31,844 posts, read 14,820,145 times
Reputation: 13500
Quote:
Originally Posted by DavidRudisha View Post
I was watching Fox News last night and they had a panel that was going on a rant about how Americans are too lazy to acquire the skills to fill the enoooooourmous number of high-paying job openings in the United States, for which companies have to fill with H1B Visa workers because they "can't find any qualified Americans."

Now, let me explain something to those of you who grew up in previous generations and don't understand what the job market is like for young adults nowadays. It's hyper-competitve as there are so many Americans going to college, so many immigrants coming here to college (my college was about 40% Asians on student visas trying to get into the good programs and obtain work visas here), and, quite frankly, automation is making jobs irrelevant by the boatload.

I did everything that society told me to -- got a STEM degree from a good school, acquired relevant skills, got an entry-level job in the tech sector -- and I can attest that it is still super-competitive to stay relevant in today's job market. Getting an entry-level job in the first place required me to fill out hundreds of applications and get lucky, since "entry-level" means having 5+ years of professional experience. I have to put in a lot of time outside of work to bolster my skills enough to stay relevant. If I even tried to travel the world for a month, I would probably fall through the cracks in society, be considered irrelevant for employment since I would have a "gap" on my resume (OMG! HE DIDN'T WORK FOR 1 MONTH! HE'S LAZY AND PROBABLY LOST ALL HIS SKILLS!!!! ).

I don't mean to focus on the tech sector exclusively. From what I understand, every single sector is over-saturated with job seekers and is raising experience requirements faster than people can possibly acquire the skills.

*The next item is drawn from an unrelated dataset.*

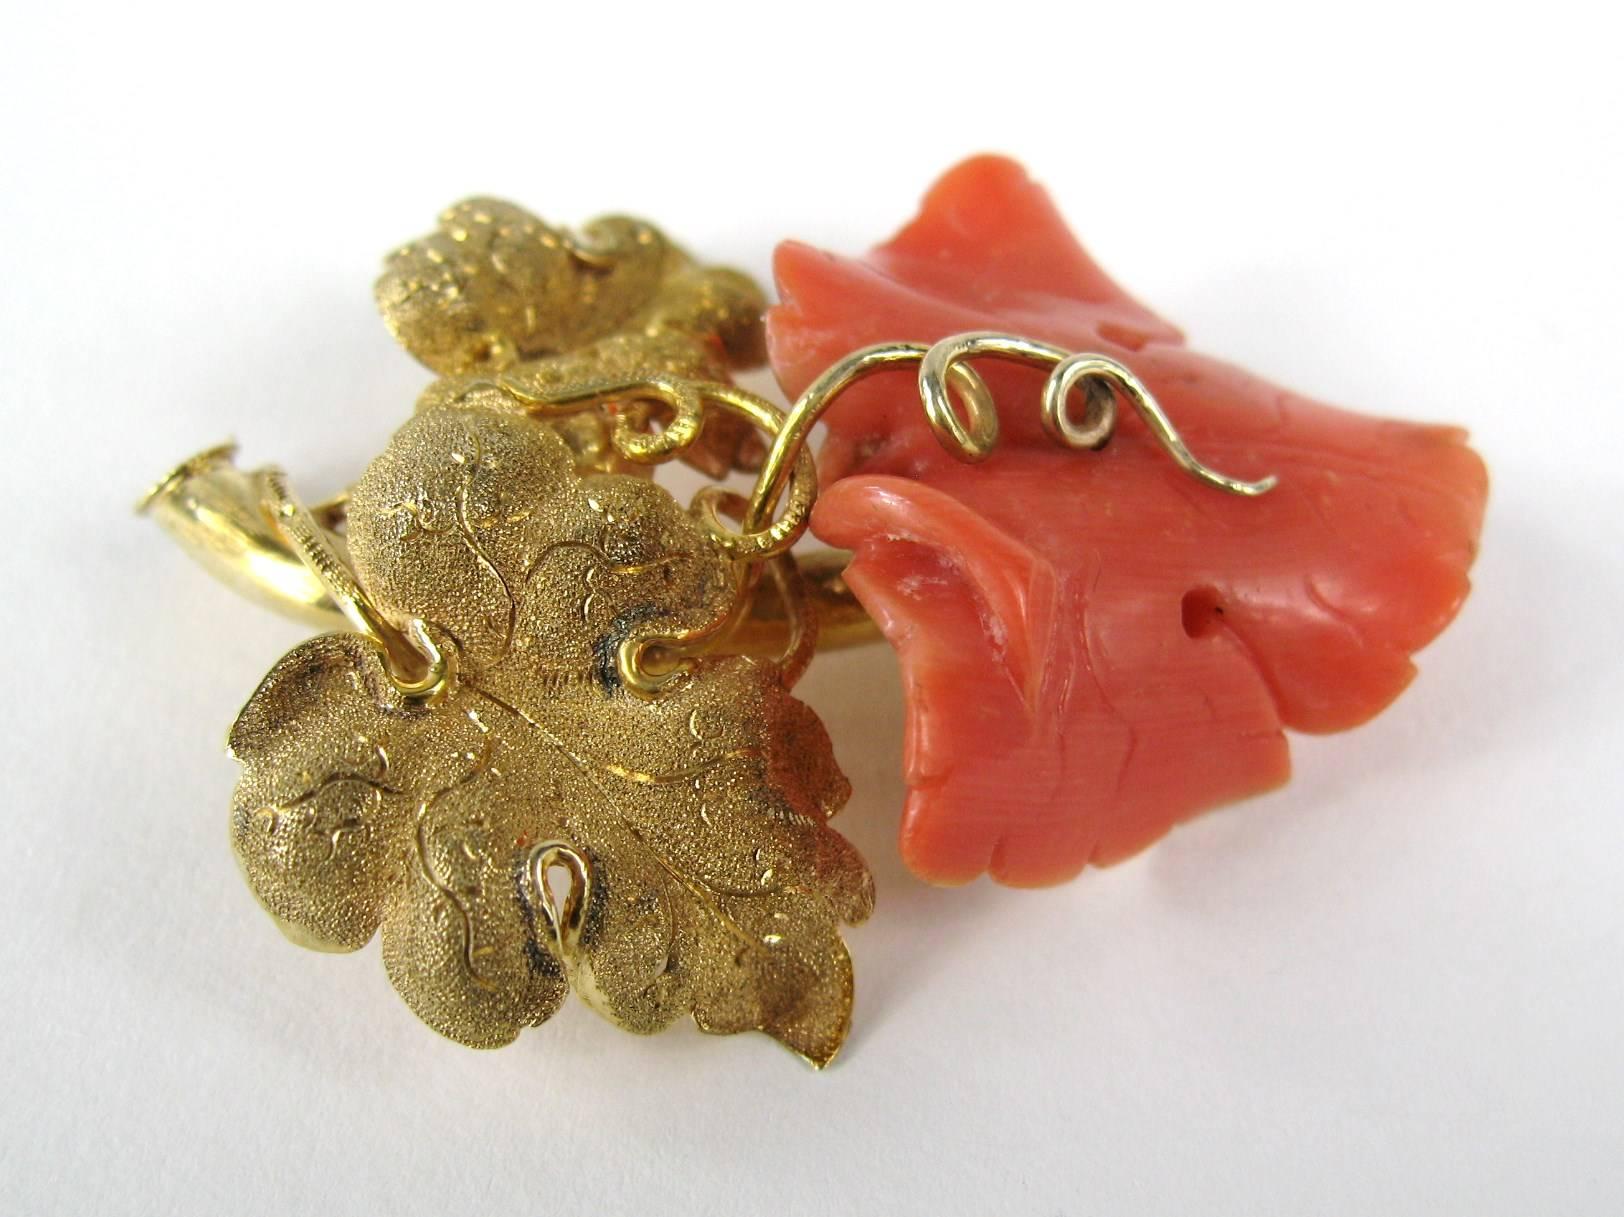 Stunning Early Carved Coral Flower, Can be worn on a variety of chains. Measures 1.88 in x 1.46 in, Set in 14K Gold. Be sure to check our store front for more fabulous pieces from this collection. We have been selling this collection on 1st dibs

Of the tens of millions of unemployed and severely underemployed Americans, I guarantee that a lot of them would love to fill the roles that employers are supposedly so desperate to fill, and would be willing to do what it takes to learn the skills necessarily, but the opportunity just isn't there!
First of all quit watching fox news. The problem is that many experienced people have been laid off. So they are looking for jobs and chances are they will get them before you because they have experience. Plus people can't afford to retire at an early age like they did before.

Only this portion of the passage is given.